Saqué los tweeters de las cajas y hacían el mismo ruido, en una, le desconecté el woofer para escuchar claramente, y seguía haciéndolo .

Luego, no pude evitar desarmarlo nuevamente... Y es así, si quitas los 4 tornillos, se desarma entres partes, imán, bobina y brida.

Al desarmarlo noté algo en el orificio donde calza la bobina... Era el barniz quemado de la bobina anterior, así que limpié con alcohol y un cepillo... Y vi que había pequeñas (un par no tan pequeñas) partículas pegadas ahí dentro... Le mandé aire comprimido y volví a limpiar hasta que no quede nada, luego puse la bobina y apreté cuidadosamente. La bobina queda siempre centrada porque tiene un par de orificios que la centran en su lugar.
Luego.... el chillido se había ido!!  
Pero... en el otro seguía pasando lo mismo, aunque nunca lo había desarmado.
Así que desarme, pero estaba bien, igual limpié todo, pero sin alcohol y sin aire. Lo único que noté es que en donde el domo es presionado por la brida está deformado. Armé, pero sigue el ruido.
Será que el domo tiene una deformación que lo hace vibrar o raspar el imán y producir el ruido?

Subo un par de fotos.


----------



## sergiot (May 26, 2017)

ese domo está deformado, llévalo a audifan que te lo cambien.


----------



## luis_e (May 26, 2017)

Me voy a poner en contacto con ellos a ver que me dicen... Una lástima no lo vi antes, sino lo compraba cuando compré el repuesto anterior, me salió más caro el envío que el domo .

Gracias!

Y ya que estoy, que tengo las curvas... se puede calcular bien el filtro?


----------



## AntonioAA (May 26, 2017)

luis_e dijo:


> Y ya que estoy, que tengo las curvas... se puede calcular bien el filtro?

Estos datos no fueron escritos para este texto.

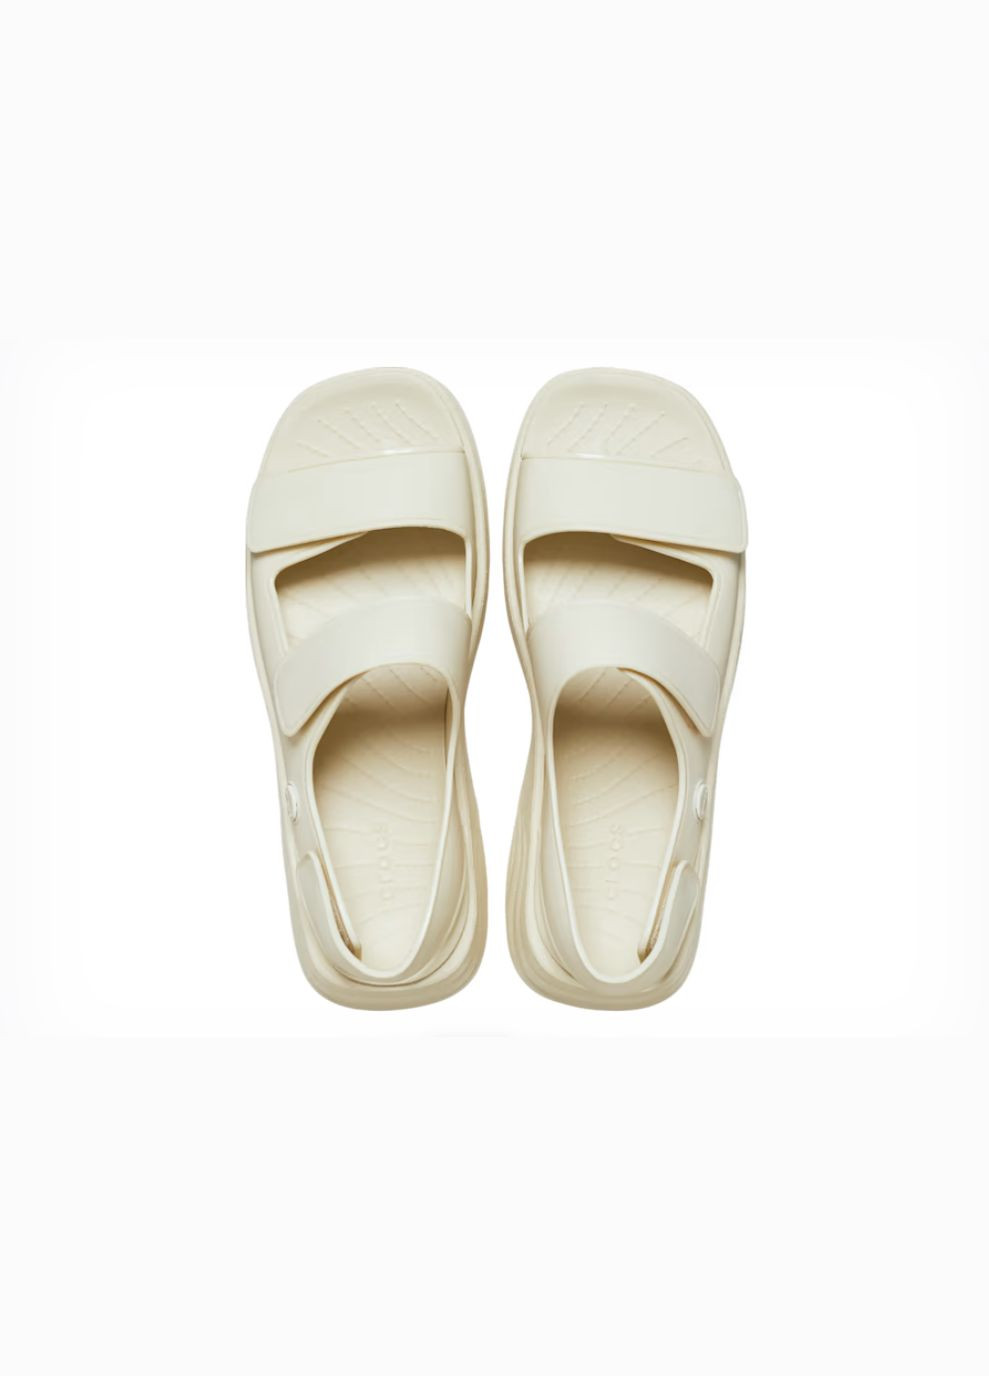 Повседневные женские сандалии skyline sandal bone 36-6-23 см Crocs

Luis: La forma optima de calcular un filtro es teniendo en cuenta TODO el modelo electroacústico del parlante . 
Por suerte hay simuladores que lo hacen muy bien por uno , solo es necesario introducir bien los datos . Ejemplo: LSPCad y tambien hay una planilla de Excel gratuita de Jeff Bagby 
http://audio.claub.net/software/jbabgy/jbagby.html

Lo que necesitas obtener son los archivos .FRD y .ZMA de cada parlante e introducirlos 

Y aunque esta dicho por todas partes , no tenes que usar ni bobinas con nucleo ferromagnetico ni capacitores electroliticos . 
Da MUCHO trabajo llegar a algo decente , pero vale la pena !


----------



## Dr. Zoidberg (May 26, 2017)

luis_e dijo:


> Me voy a poner en contacto con ellos a ver que me dicen... Una lástima no lo vi antes, sino lo compraba cuando compré el repuesto anterior, me salió más caro el envío que el domo .

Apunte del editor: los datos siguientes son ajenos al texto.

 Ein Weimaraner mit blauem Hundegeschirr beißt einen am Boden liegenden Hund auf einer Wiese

A juzgar por lo que comentaste antes, es probable que el otro tweeter esté palmado o la bobina quizás esté rozando. El temas es que si le has dado manija como para que tengan y con un xover malo, tal vez los hayas dañado... al menos el que sigue chillando. Tratá de repararlo... o mejor comprá nuevos 



luis_e dijo:


> Y ya que estoy, que tengo las curvas... se puede calcular bien el filtro?


De las curvas que tenés no se aprecian problemas (la del woofer está buena), salvo los picos esos en el tweeter que no están en ninguna armónica de la Fs, pero si ya encontraste la falla... pues listo.
Las curvas que te dice Antonio las tenés que relevar con micrófono, ya que no son curvas de impedancia sino de respuesta en frecuencia. Las podés hacer con el ARTA sin problemas.



AntonioAA dijo:


> Y aunque esta dicho por todas partes , no tenes que usar ni bobinas con nucleo ferromagnetico ni capacitores electroliticos .
> Da MUCHO trabajo llegar a algo decente , pero vale la pena !


Cuando ecualicés en activo vas a zafar de todos esos problemas...


----------



## AntonioAA (May 26, 2017)

Dr. Zoidberg dijo:


> Las curvas que te dice Antonio las tenés que relevar con micrófono, ya que no son curvas de impedancia sino de respuesta en frecuencia. Las podés hacer con el ARTA sin problemas.
> 
> Cuando ecualicés en activo vas a zafar de todos esos problemas...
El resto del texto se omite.